→ Given entries:

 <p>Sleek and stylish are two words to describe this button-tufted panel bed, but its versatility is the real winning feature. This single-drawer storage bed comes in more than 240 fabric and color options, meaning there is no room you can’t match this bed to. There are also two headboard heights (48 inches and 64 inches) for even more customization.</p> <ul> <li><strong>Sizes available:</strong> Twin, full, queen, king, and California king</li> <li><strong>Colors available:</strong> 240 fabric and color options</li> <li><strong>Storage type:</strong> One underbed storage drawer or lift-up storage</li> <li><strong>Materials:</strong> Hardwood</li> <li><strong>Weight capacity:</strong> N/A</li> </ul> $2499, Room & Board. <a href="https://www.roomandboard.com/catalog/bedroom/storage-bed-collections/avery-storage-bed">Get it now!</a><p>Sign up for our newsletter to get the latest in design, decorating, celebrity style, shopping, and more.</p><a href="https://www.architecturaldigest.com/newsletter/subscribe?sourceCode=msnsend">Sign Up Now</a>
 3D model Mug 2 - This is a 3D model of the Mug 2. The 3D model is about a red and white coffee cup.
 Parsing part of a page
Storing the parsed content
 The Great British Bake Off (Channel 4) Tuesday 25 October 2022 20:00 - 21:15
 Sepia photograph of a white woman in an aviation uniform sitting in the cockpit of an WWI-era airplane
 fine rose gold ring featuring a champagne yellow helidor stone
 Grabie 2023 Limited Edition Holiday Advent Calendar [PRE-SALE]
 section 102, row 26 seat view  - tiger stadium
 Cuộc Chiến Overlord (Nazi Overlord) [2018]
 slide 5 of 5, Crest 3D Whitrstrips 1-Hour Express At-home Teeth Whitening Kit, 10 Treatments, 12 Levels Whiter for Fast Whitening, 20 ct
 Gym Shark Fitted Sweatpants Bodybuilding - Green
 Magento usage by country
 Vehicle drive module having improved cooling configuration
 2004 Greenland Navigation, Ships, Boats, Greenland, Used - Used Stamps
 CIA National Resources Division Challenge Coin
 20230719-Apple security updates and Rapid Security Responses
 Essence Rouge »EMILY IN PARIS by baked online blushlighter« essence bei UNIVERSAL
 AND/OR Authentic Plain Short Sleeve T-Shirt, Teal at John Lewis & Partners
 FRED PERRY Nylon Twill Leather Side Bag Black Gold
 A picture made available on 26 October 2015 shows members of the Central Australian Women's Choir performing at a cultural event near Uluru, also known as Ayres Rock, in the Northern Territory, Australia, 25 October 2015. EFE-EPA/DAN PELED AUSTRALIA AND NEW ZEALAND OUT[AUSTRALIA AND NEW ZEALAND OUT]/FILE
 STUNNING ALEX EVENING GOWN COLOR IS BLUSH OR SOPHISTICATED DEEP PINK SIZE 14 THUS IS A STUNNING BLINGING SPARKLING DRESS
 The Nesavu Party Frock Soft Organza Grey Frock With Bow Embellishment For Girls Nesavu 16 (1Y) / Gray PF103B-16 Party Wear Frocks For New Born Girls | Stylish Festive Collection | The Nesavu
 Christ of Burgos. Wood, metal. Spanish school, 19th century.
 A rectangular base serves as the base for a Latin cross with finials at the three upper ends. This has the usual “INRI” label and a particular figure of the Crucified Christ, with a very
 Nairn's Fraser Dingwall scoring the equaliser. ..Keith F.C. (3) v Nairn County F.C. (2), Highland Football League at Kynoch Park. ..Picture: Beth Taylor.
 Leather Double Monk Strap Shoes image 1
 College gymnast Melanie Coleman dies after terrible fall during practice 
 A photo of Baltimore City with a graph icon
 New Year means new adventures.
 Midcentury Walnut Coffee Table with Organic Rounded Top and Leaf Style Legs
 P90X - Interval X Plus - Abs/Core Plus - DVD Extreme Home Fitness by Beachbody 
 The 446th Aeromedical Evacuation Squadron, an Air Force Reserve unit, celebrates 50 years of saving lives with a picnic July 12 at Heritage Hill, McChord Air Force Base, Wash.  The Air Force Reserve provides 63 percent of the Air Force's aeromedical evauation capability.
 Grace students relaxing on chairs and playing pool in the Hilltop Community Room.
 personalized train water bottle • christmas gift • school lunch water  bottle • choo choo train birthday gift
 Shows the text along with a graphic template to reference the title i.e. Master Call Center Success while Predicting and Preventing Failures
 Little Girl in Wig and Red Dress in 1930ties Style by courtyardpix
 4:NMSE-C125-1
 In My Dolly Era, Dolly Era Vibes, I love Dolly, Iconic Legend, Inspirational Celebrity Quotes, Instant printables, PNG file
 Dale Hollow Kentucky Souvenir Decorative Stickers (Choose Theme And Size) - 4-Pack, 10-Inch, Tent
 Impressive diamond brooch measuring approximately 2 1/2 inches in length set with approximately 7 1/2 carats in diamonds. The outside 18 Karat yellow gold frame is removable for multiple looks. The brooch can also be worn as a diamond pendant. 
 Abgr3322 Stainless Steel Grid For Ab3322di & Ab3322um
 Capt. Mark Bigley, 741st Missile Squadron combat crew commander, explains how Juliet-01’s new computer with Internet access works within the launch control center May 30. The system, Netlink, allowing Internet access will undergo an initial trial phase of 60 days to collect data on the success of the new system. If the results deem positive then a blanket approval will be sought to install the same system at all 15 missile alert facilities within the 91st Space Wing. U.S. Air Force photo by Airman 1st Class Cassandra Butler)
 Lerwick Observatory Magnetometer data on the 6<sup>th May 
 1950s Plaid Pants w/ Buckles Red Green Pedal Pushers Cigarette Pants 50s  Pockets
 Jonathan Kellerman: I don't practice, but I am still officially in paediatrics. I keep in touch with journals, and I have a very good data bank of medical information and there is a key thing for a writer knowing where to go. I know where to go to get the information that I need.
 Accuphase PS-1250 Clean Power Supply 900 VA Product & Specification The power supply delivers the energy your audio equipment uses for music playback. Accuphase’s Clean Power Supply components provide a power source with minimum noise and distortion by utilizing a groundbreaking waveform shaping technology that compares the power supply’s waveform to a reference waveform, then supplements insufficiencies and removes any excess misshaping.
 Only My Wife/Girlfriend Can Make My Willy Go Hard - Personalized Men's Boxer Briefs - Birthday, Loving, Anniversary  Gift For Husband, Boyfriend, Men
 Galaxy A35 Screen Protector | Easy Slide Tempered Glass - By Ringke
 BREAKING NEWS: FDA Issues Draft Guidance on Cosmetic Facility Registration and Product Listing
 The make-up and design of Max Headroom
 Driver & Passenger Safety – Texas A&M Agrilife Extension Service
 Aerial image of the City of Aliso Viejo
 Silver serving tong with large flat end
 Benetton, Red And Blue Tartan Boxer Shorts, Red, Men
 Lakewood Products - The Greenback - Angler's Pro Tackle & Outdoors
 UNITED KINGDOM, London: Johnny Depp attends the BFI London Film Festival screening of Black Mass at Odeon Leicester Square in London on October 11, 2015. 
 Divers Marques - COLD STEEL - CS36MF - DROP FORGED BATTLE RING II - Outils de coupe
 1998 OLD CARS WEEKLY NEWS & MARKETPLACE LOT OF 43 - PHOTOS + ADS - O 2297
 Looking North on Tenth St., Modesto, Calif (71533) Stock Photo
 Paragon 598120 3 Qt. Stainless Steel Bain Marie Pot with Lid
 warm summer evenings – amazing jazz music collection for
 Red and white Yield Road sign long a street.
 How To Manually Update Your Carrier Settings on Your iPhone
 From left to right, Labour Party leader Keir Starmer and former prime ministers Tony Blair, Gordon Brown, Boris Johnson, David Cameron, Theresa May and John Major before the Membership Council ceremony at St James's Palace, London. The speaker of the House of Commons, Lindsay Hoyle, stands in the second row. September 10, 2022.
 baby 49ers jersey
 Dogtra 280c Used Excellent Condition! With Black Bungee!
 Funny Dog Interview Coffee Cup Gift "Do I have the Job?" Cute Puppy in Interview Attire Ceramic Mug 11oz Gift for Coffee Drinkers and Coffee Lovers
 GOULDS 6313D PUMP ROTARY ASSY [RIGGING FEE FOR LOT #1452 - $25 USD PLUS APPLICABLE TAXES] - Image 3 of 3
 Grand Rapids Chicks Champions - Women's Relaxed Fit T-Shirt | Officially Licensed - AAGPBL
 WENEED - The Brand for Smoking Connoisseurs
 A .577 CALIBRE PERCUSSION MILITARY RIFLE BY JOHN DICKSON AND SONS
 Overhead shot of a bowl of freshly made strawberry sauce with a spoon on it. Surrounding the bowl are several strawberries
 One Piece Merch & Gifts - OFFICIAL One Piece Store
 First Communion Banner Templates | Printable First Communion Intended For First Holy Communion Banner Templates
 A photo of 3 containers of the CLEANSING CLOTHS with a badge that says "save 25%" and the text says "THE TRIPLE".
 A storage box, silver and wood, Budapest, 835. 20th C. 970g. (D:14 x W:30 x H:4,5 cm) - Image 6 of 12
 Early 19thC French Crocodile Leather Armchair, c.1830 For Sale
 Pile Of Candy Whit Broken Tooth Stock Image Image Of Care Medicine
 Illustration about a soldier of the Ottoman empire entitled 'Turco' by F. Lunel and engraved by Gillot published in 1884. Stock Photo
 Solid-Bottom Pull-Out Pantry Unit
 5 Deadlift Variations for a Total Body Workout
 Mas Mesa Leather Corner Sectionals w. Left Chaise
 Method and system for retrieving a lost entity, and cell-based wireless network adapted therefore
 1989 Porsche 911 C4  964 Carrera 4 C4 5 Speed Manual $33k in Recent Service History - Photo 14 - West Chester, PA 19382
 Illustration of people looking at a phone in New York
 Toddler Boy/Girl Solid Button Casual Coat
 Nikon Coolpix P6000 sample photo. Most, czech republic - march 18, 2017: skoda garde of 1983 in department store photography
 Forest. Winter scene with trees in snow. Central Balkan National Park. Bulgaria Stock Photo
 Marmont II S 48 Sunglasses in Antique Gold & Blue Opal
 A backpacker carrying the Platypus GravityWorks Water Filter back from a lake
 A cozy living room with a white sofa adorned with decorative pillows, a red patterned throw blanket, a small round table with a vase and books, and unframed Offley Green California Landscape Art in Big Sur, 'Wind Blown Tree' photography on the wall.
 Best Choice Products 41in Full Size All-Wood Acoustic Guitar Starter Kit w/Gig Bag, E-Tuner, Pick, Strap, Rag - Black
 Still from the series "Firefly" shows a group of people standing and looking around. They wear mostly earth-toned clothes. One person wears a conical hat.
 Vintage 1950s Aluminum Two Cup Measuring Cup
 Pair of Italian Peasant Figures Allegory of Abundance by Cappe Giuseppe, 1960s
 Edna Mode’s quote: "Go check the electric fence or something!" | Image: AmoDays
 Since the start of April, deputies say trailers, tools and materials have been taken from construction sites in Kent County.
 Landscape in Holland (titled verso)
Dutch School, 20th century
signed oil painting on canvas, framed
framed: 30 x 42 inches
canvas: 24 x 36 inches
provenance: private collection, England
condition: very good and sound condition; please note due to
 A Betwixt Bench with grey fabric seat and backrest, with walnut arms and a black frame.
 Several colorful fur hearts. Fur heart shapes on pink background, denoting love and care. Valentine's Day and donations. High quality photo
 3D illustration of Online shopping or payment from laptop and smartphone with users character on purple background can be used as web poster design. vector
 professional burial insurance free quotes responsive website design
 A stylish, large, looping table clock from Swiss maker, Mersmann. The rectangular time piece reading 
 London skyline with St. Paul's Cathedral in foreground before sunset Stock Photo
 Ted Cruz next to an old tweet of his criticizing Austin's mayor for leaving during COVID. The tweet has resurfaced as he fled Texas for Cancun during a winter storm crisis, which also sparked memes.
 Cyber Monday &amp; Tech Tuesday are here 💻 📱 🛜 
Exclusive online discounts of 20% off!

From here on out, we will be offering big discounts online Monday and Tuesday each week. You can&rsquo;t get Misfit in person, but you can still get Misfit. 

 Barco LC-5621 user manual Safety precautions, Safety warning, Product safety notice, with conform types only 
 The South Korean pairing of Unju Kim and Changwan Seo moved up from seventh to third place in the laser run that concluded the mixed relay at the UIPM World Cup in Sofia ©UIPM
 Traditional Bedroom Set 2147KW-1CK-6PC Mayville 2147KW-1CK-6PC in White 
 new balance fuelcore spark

→ Your objective: Both the line containing "Best Choice Products" and the line containing "Vintage 1950s Aluminum Two Cup Measuring Cup" belong in the answer. Print them and every line above that falls between them exactly, and no others.

→ Task result:
 Best Choice Products 41in Full Size All-Wood Acoustic Guitar Starter Kit w/Gig Bag, E-Tuner, Pick, Strap, Rag - Black
 Still from the series "Firefly" shows a group of people standing and looking around. They wear mostly earth-toned clothes. One person wears a conical hat.
 Vintage 1950s Aluminum Two Cup Measuring Cup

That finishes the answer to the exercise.